Water (η = 1.00E-3 Pa*s) is flowing through a horizontal pipe with a volume flow rate of 0.0120 m3/s. As the figure below shows, there are two vertical tubes that project from the pipe. Assume that H = 0.0421 m and L = 0.706 m. Calculate the radius of the horizontal pipe.
Use Poiseuille's Law, and sub rho*g*h for (P2-P1)
To calculate the radius of the horizontal pipe, we can use the principles of fluid dynamics and Bernoulli's equation.
First, let's understand the setup:
- Water is flowing through a horizontal pipe with two vertical tubes protruding from it.
- The length of the vertical tubes is labeled as L = 0.706 m.
- The height difference between the top of the pipe and the top of the water level in the vertical tubes is labeled as H = 0.0421 m.
- The volume flow rate of water through the pipe is given as Q = 0.0120 m^3/s.
- The dynamic viscosity of water is given as η = 1.00E-3 Pa*s.
Now, let's use Bernoulli's equation to solve for the radius of the horizontal pipe.
The equation is:
P₁ + ½ρv₁² + ρgh₁₁ = P₂ + ½ρv₂² + ρgh₂₂
Where:
P₁ and P₂ are the pressures at two different points in the fluid.
ρ is the density of the fluid (which we can assume to be the density of water, approximately 1000 kg/m³).
v₁ and v₂ are the velocities at points 1 and 2.
h₁₁ and h₂₂ are the heights at points 1 and 2.
In this case, we can simplify Bernoulli's equation by canceling out the height terms since they are at the same horizontal level (the water surface and the top of the pipe).

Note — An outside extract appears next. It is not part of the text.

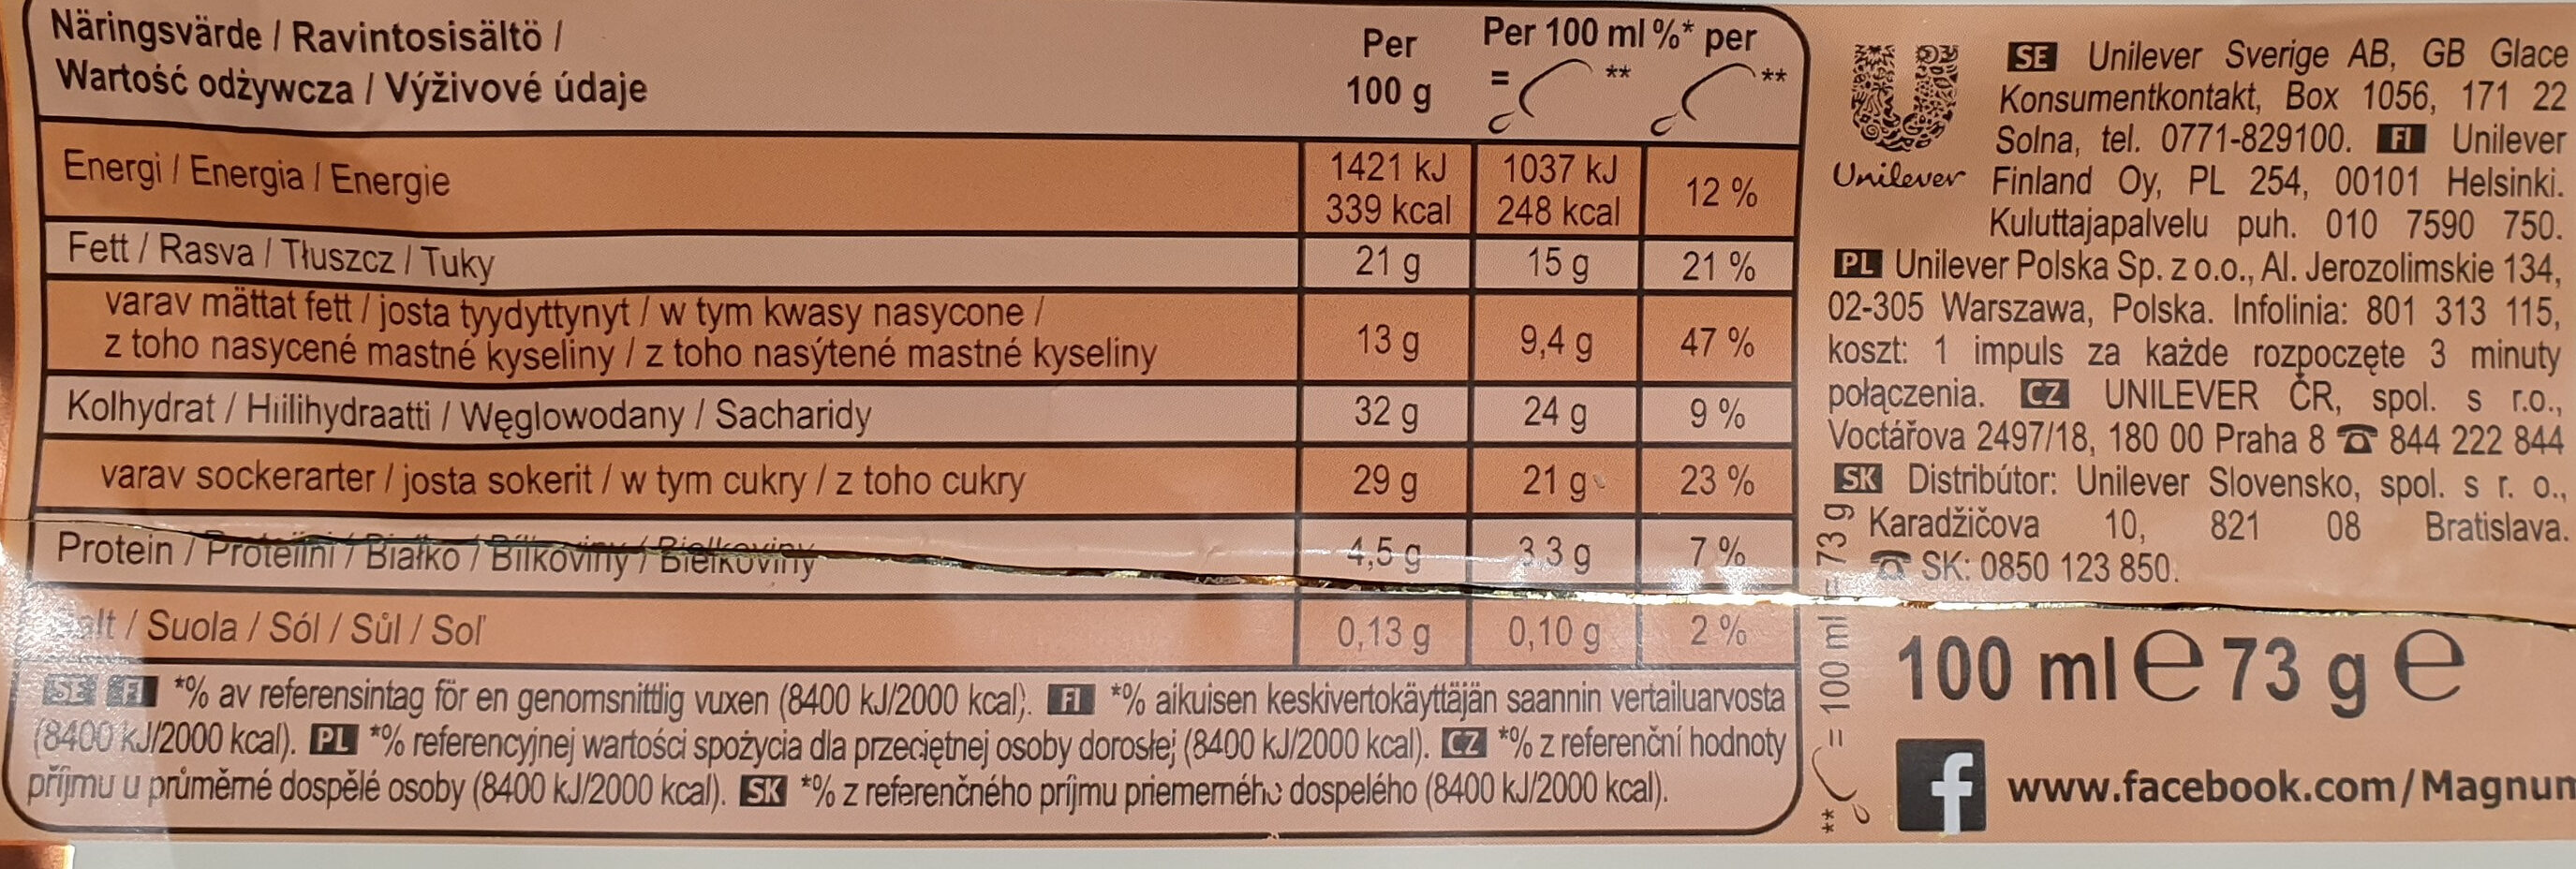 Lody z wanilią z Madagaskaru w białej czekoladzie (28%) z migdałami (5%) - Wartości odżywcze
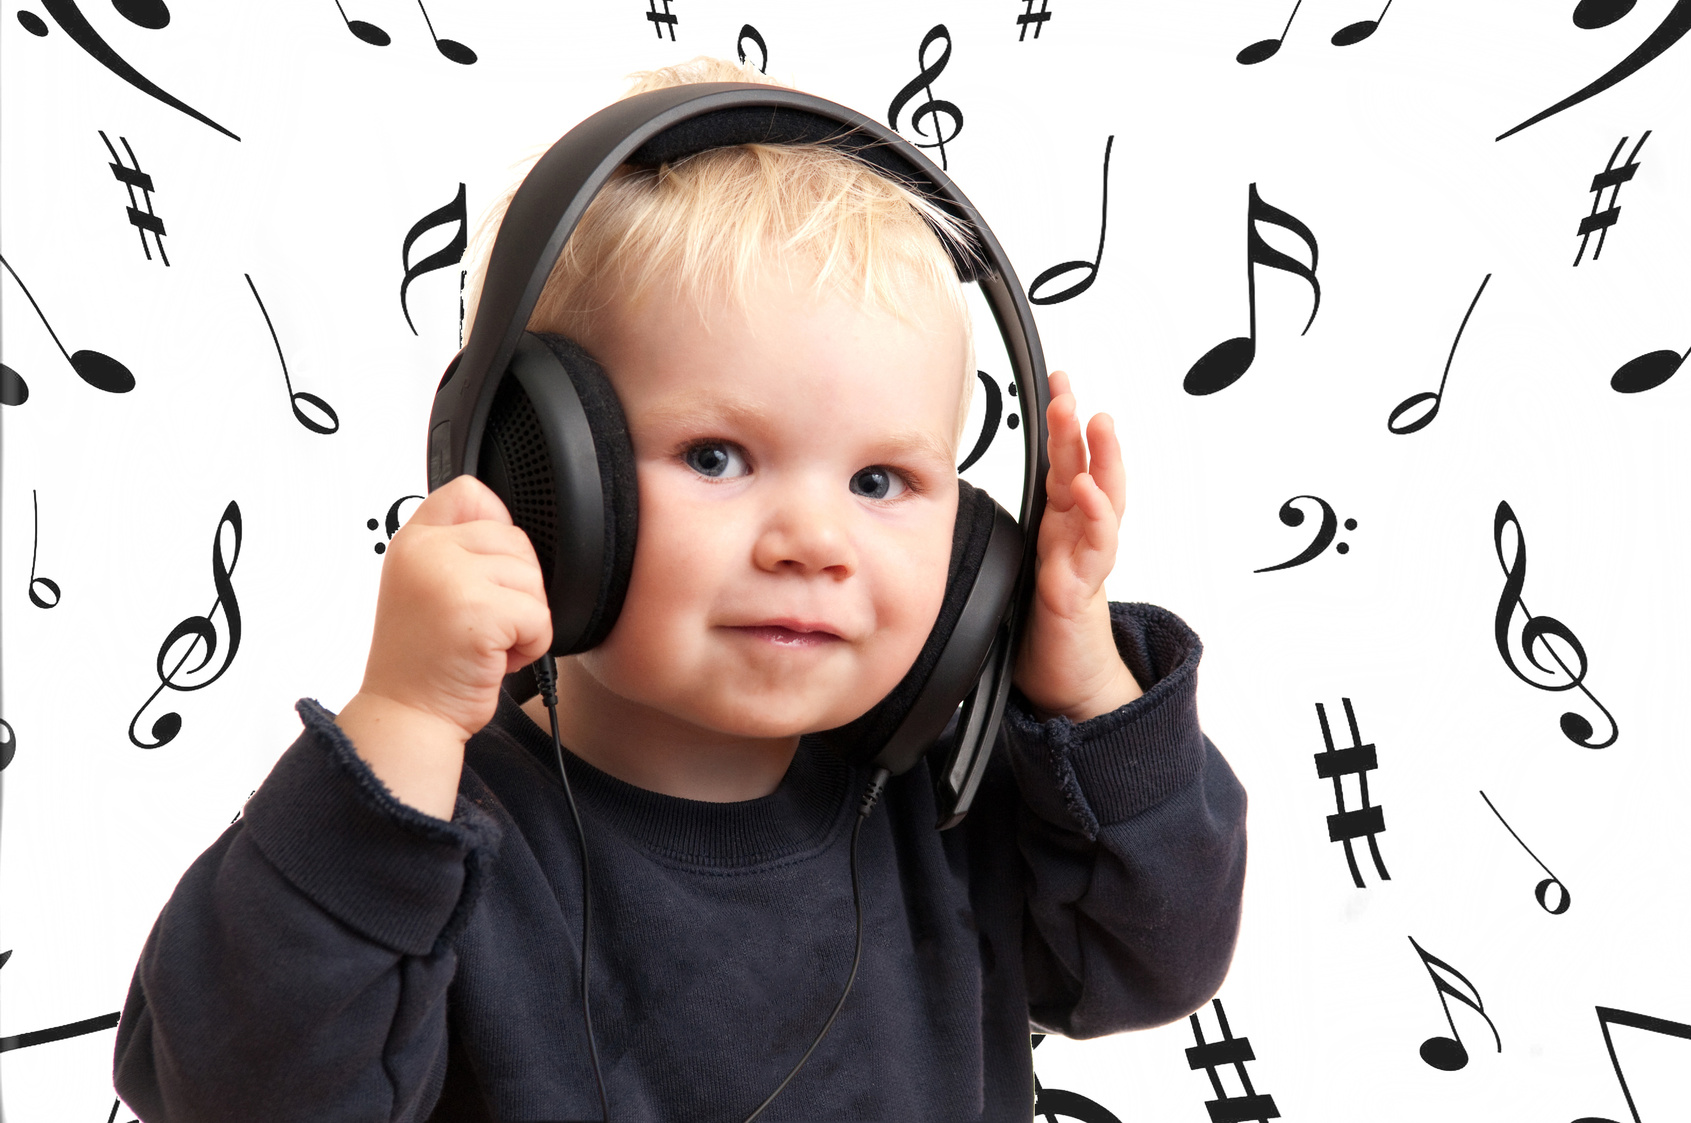 Беседа слушание музыки. Ребенок в наушниках. Ребенок с наушниками. Слушание музыки. Музыкальное восприятие детей.

Therefore, the equation becomes:
P₁ + ½ρv₁² = P₂ + ½ρv₂²
Next, let's consider the points 1 and 2:
- Point 1 is inside the horizontal pipe where the water is flowing with a velocity v₁.
- Point 2 is in the vertical tube where the water has come to rest, and its velocity is now 0.
Since the water is flowing in a horizontal pipe, we can assume that the pressures at points 1 and 2 are the same (i.e., P₁ = P₂), so the equation further simplifies to:
½ρv₁² = ½ρv₂²
Now, we have two equations:
Q = Av₁ (equation 1)
and
0 = Av₂ (equation 2)
where A is the cross-sectional area of the pipe at points 1 and 2.
We can rearrange equation 1 to solve for v₁:
v₁ = Q/A
Similarly, rearranging equation 2 gives us:
v₂ = 0
Now, let's find the values of v₁ and v₂.
Substituting v₂ = 0 in the simplified Bernoulli's equation:
½ρv₁² = 0
Since v₂ is 0, we can cancel out the velocity terms, simplifying the equation further to:
0 = 0
This means that the pressure at point 1 is equal to the pressure at point 2.
Now, let's calculate the cross-sectional area A of the pipe.
From equation 1,
Q = Av₁
Solving for A:
A = Q / v₁
Using the given values:
- Q = 0.0120 m³/s (volume flow rate)
- v₁ = Q / A (from the previous equation)
Substituting the given values:
A = 0.0120 / v₁
Now, let's calculate the viscosity and density of water:
- η = 1.00E-3 Pa*s (dynamic viscosity)
- ρ = 1000 kg/m³ (density of water)
We know that dynamic viscosity (η) is equal to the product of viscosity (μ) and density (ρ):
η = μ * ρ
Therefore, we can rearrange the equation to solve for viscosity (μ):
μ = η / ρ
Substituting the given values:
μ = (1.00E-3) / (1000)
Now, we have all the information we need to calculate the radius of the horizontal pipe.
To do so, we can follow these steps:
1. Calculate the viscosity (μ) using the equation mentioned above.
2. Calculate the cross-sectional area (A) of the pipe using the equation A = Q / v₁.
3. Calculate the radius (r) of the pipe using the equation A = πr².